Raimund Wördemann on Seoul: "It makes traditional western ways seem strange"

Always in motion: South Korea’s capital city Seoul (Photo: Christian Senger)
5 February 2010
They live in a divided land, so many Koreans are particularly interested in reunified Germany. Raimund Wördemann, director of the Goethe-Institut Korea reports on opinions of the "Berlin-Bonn Model," traps in hotel rooms and party-crazed Koreans.
What concerns the people in Seoul most right now?
Wördemann: There is a fierce debate going on about whether some government offices and authorities really ought to be housed in newly built Sejong City, away from Seoul, as the last government planned. Since the German Berlin-Bonn model is often used as a particularly cumbersome and expensive negative example, many critics wish to avoid something similar happening in Korea. They want to keep the entire government in Seoul and establish Sejong City more as an economic centre. Additionally, there is fierce speculation about whether the country will come to a complete standstill in the summer of 2010 when for the first time the South Korean and the North Korean teams take part in a football world cup.
What question about Germany do you hear particularly often?
Around the twentieth anniversary of the fall of the wall, every German in Korea was recently asked what they were doing (and thinking) on 9 November 1989. Some of us don’t even remember. All in all, I hear more friendly words about Germany than I do questions.

Raimund Wördemann (Photo: Private)
I like to have a good view from further up. There are a number of high-rise view opportunities for that as well as the lovely and sporty mountain Namsan, which sits directly opposite the Goethe-Institut and is presently being extended as a national park. It has nothing to do with my keenness for working when I also admit that my workplace at the Goethe-Institut Seoul has a certain attractiveness. On the one hand it’s because it really is lovely. On the other hand, it offers a view of a primary schoolyard, and when you hear the kids running about there squealing and singing, you are reminded daily and hope that the youth of the country, as well as its young artists, have good reasons now and in future to deal productively and critically with Europe and with Germany in particular.
What can we learn from the Koreans?
You can learn just as well from "the Koreans" as from "the Germans." Yet, I notice that conversations and encounters with every Korean, female and male, are always refreshing. Especially when, from the other, the Korean culture, they make traditional western ways of thinking and certainties seem somewhat strange – though this is not a judgement.
What was your biggest "culture shock?"
We Goethe people ought to be, at least after a few years, somewhat culture shock-resistant.
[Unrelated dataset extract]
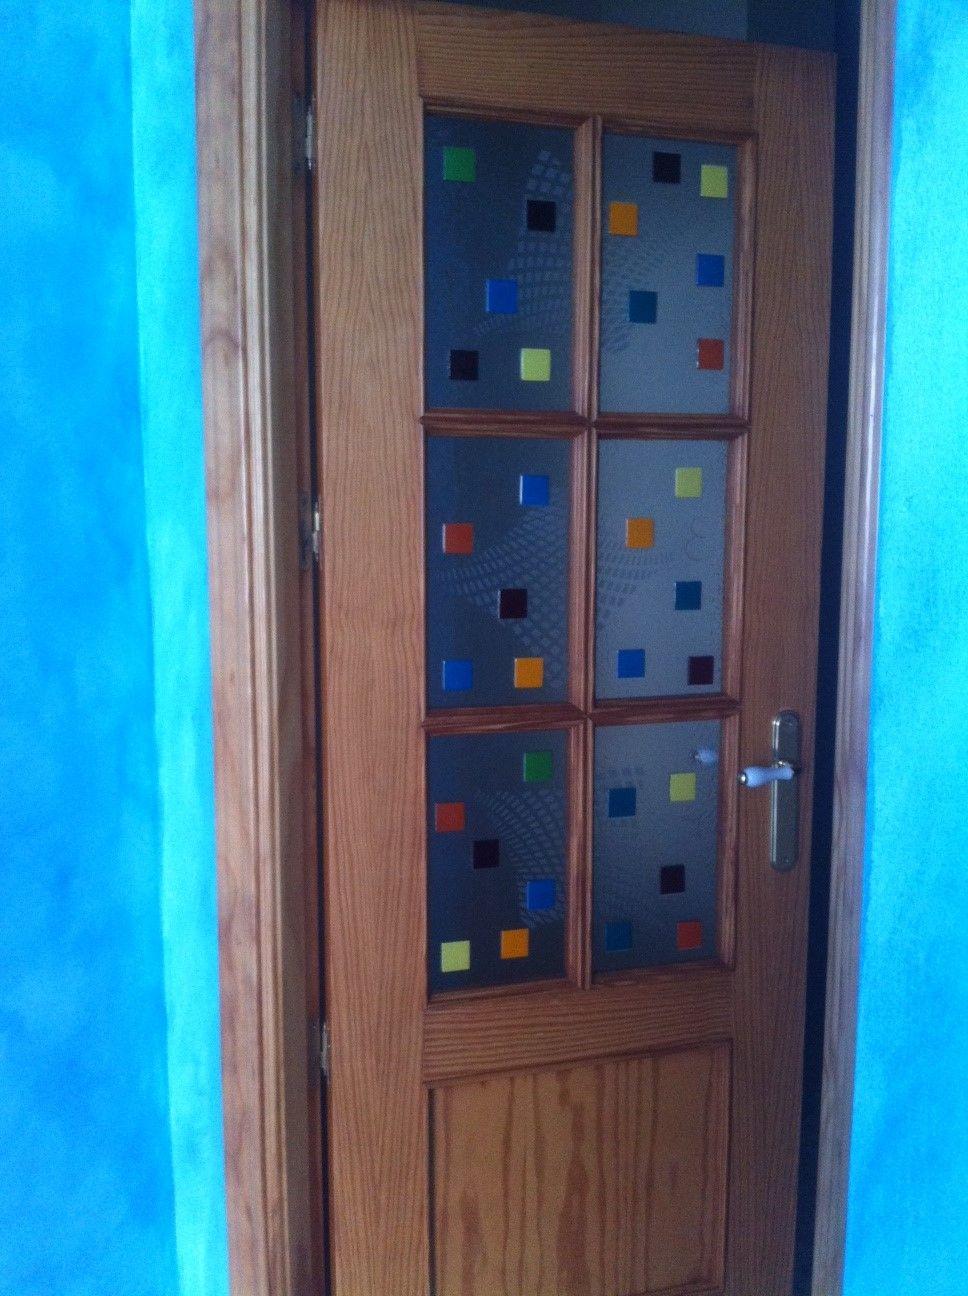 Cristales decorados en puerta de paso etxea puertas - Cristales decorados para puertas ...

Yet, I was somewhat surprised, if not perplexed, when once at three thirty in the morning in the dark bathroom of a Pyongyang hotel the bathroom door fell shut behind me, the doorknob fell off completely, I was apparently locked in, the telephone next to the basin didn’t work and I asked myself how on earth I would get out of there by five thirty to catch my flight back to Beijing.
What is the most difficult aspect of the Korean language?
Whoever takes the time to open themselves completely to the Korean language, at best in preparation and in seclusion, will very soon no longer have any difficulties.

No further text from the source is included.